Personal information
- Full name: Wylie Chambers
- Date of birth: 4 October 1928
- Date of death: 9 August 1953 (aged 24)
- Place of death: Royal Melbourne Hospital
- Original team(s): Williamstown Presbyterians
- Height: 185 cm (6 ft 1 in)
- Weight: 80 kg (176 lb)

Playing career^{1}
- Years: Club / Games (Goals)
- 1946–1950: South Melbourne / 48 (7)
- ^{1} Playing statistics correct to the end of 1950.

= Wylie Chambers =

Australian rules footballer

Wylie Chambers (4 October 1928 – 9 August 1953) was an Australian rules footballer who played with South Melbourne in the Victorian Football League (VFL).

A utility from Williamstown Presbyterians, Chambers was just 17 when he made his VFL debut in 1946.
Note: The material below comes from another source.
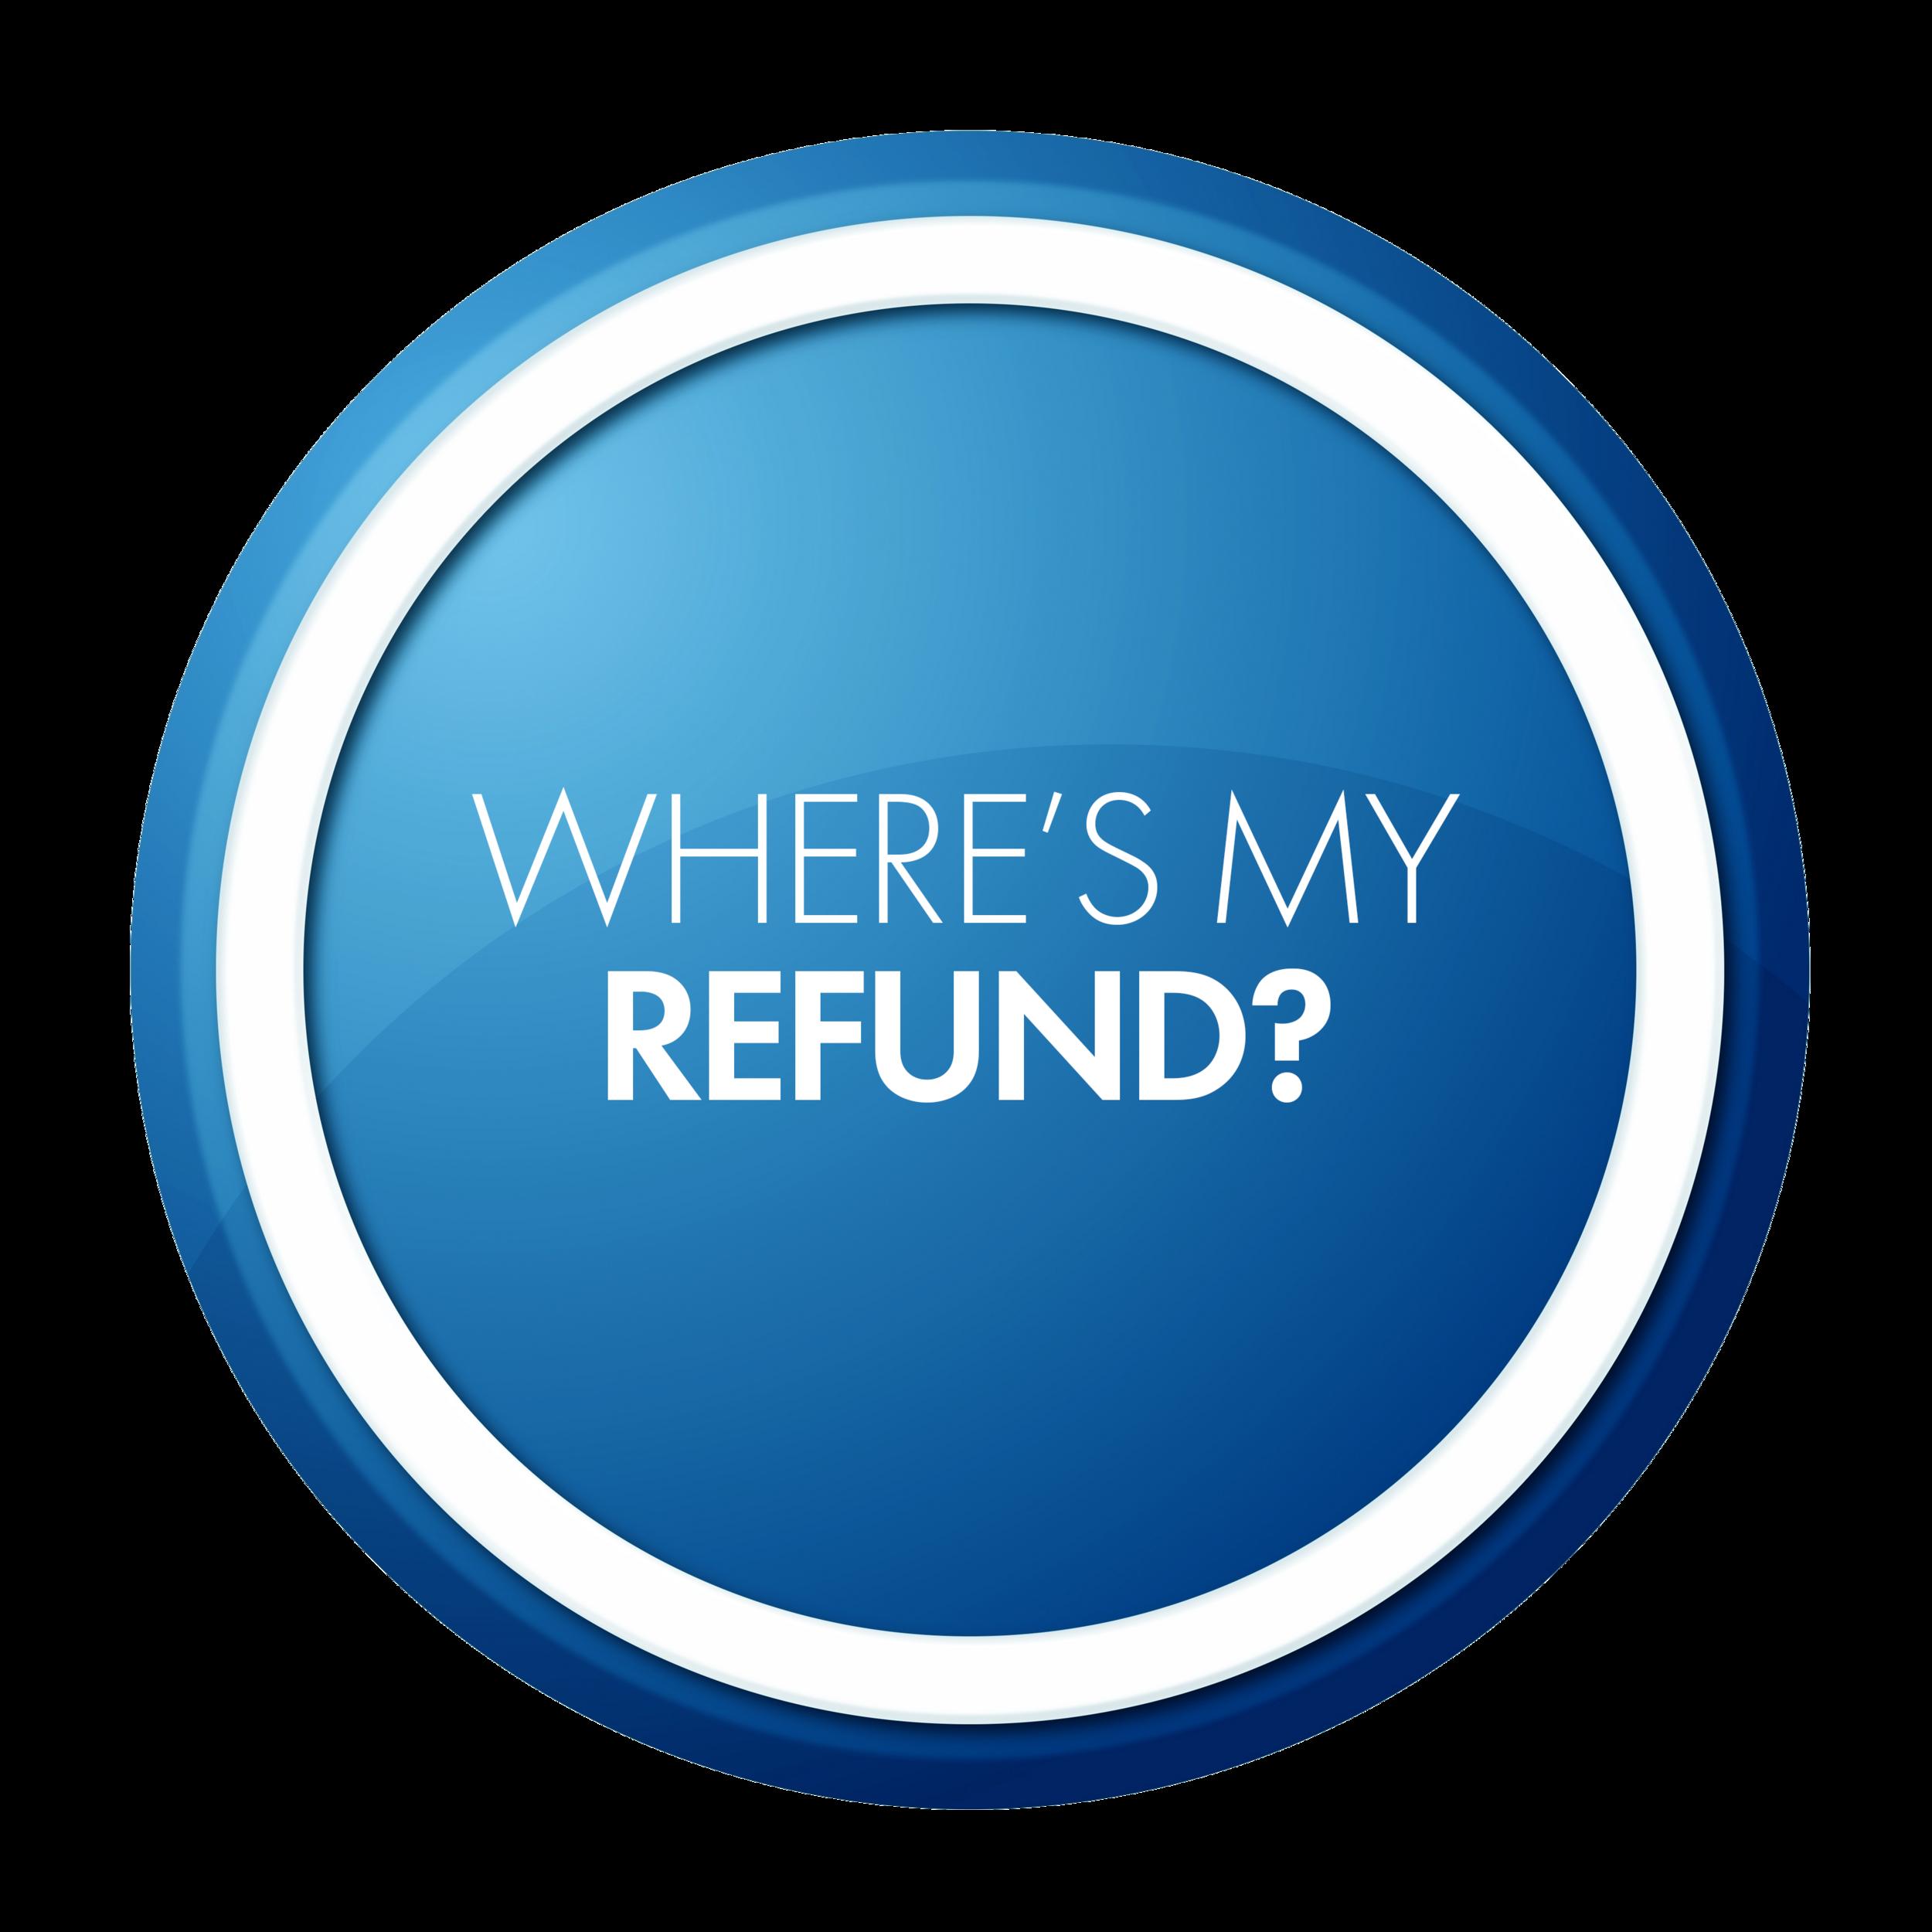 Where's My Refund?

After playing 11 games in his first season, he found himself stuck in the seconds during 1947 and requested for a transfer to Williamstown, which was refused by South Melbourne.

Chambers, who was often used as a fullback, put together regular appearances in the seniors over the next three seasons before joining Oakleigh.

In 1953, while working as a constable with Victoria Police, Chambers fell ill and died soon after at Royal Melbourne Hospital.